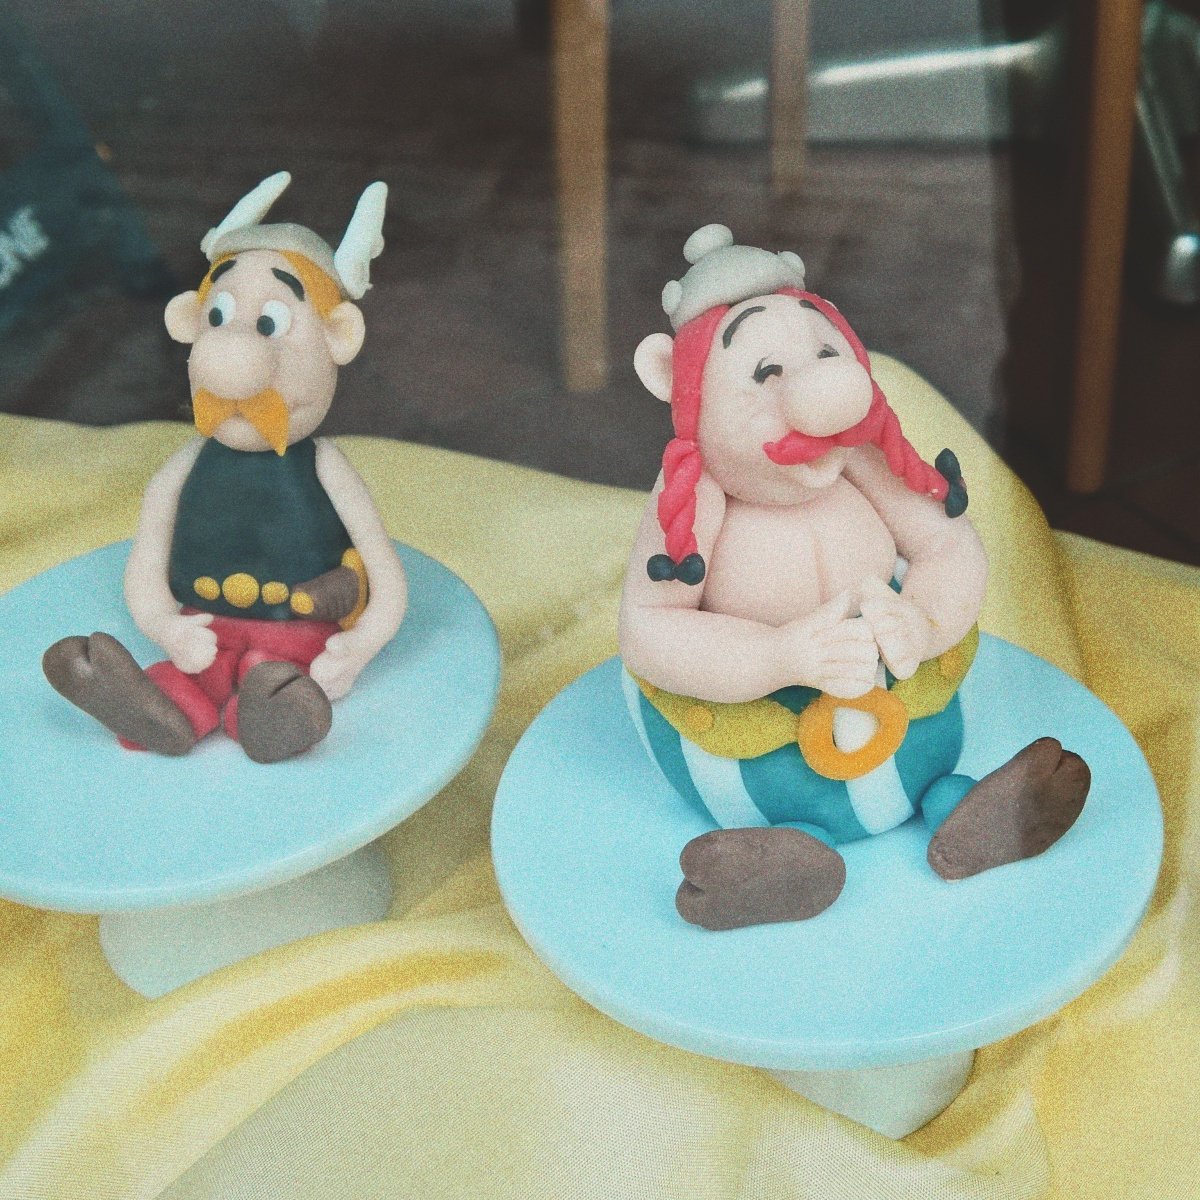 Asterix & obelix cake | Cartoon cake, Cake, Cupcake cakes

...

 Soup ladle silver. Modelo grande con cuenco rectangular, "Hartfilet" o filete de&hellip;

...

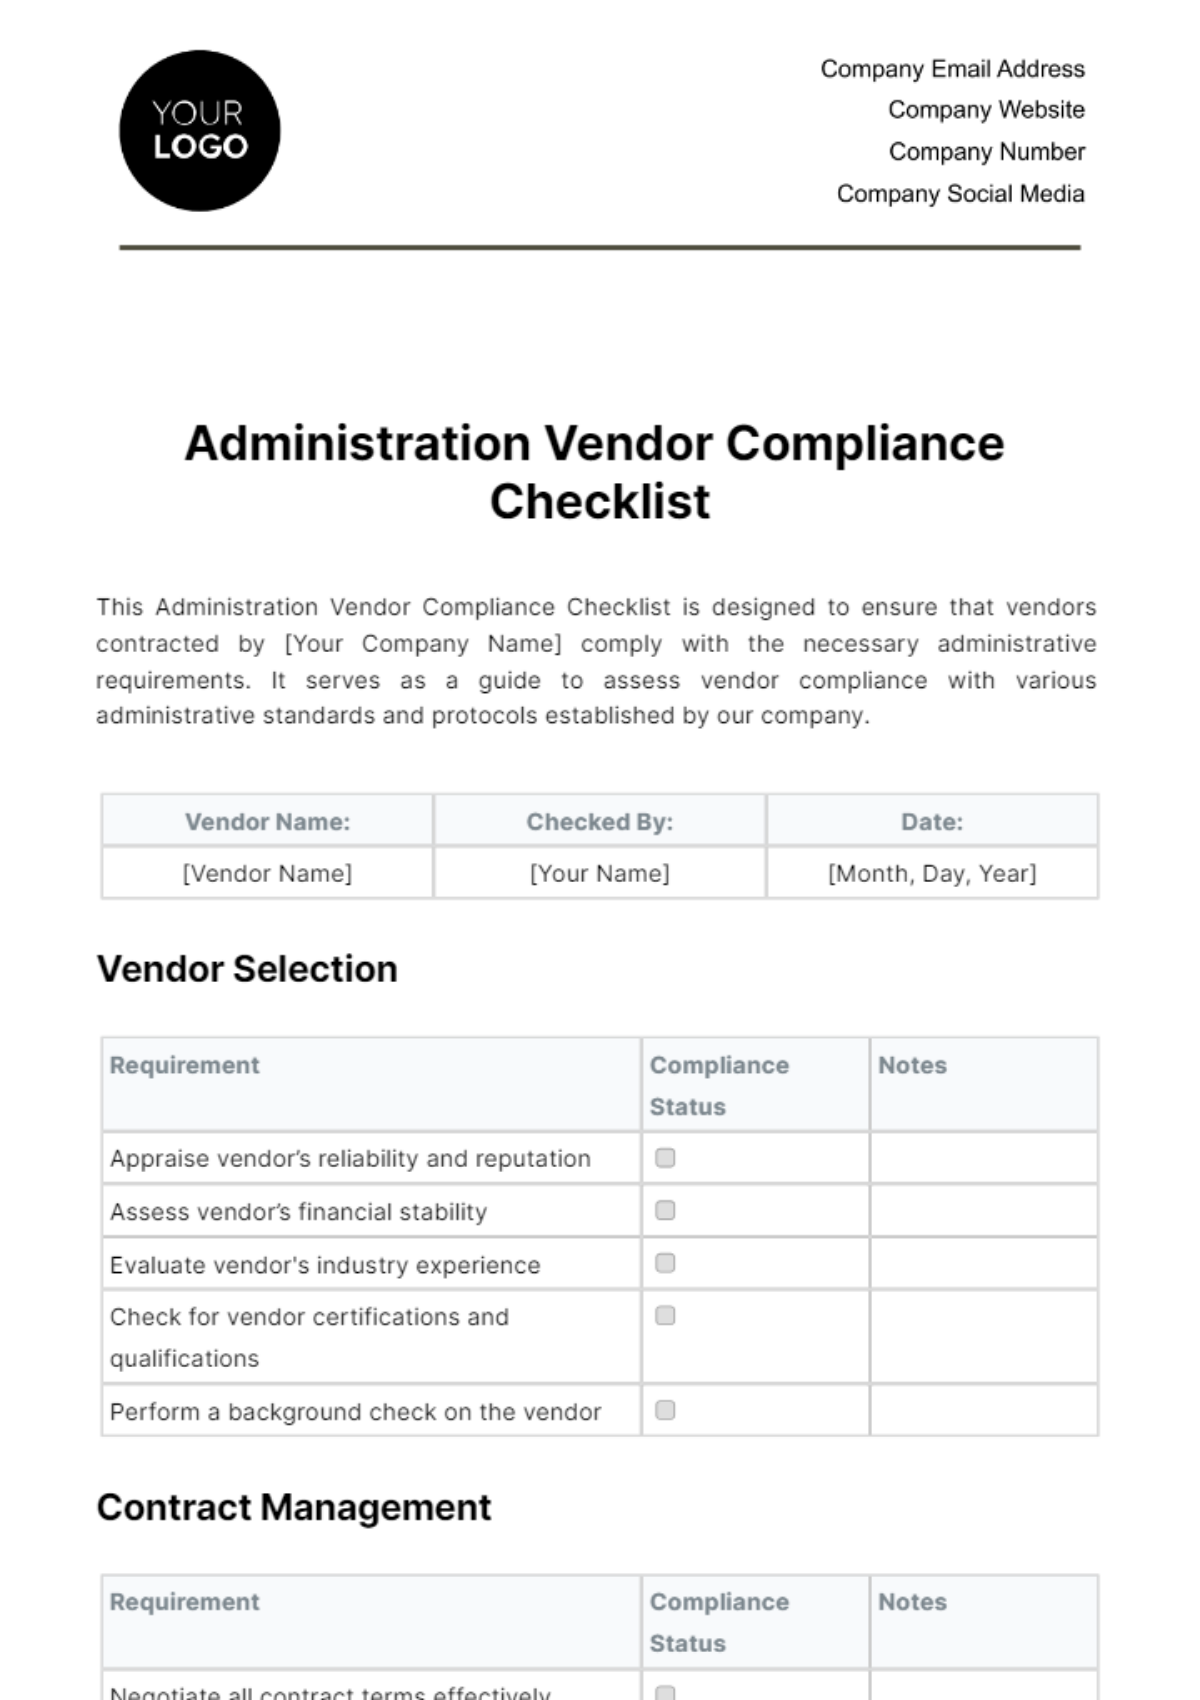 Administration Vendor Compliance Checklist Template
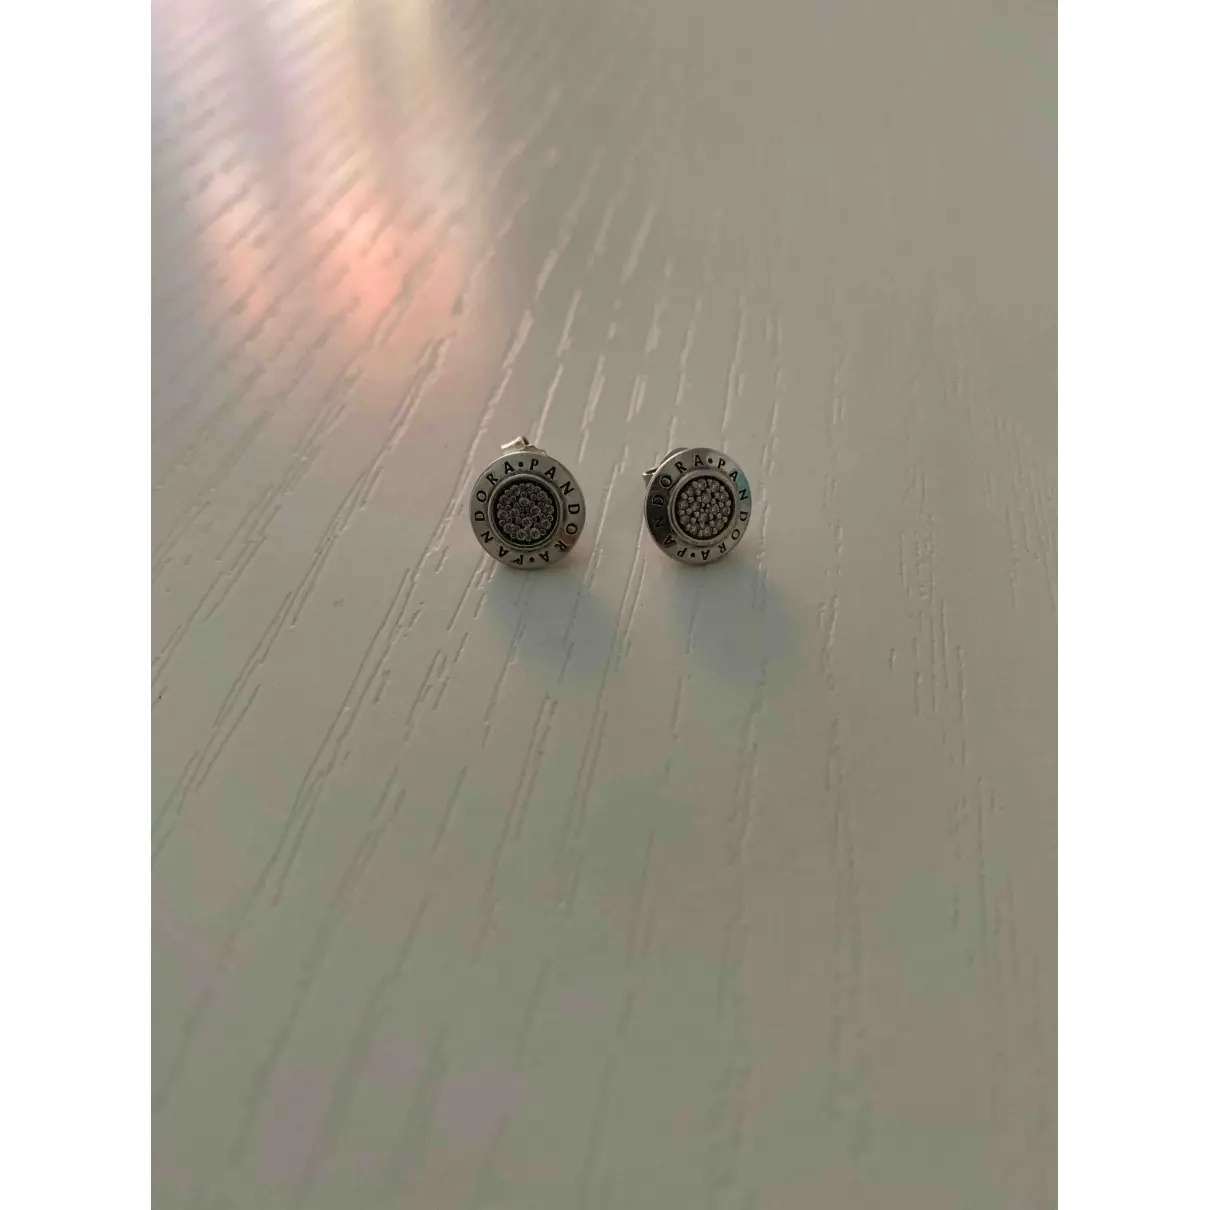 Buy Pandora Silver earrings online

» **REQUIRED WORK**
Go to the line above holding "Administration Vendor Compliance", then copy exactly each line down to and including the one holding "Buy Pandora Silver earrings online", leaving pictures out.

» **ANSWER**
 Administration Vendor Compliance Checklist Template
 Buy Pandora Silver earrings online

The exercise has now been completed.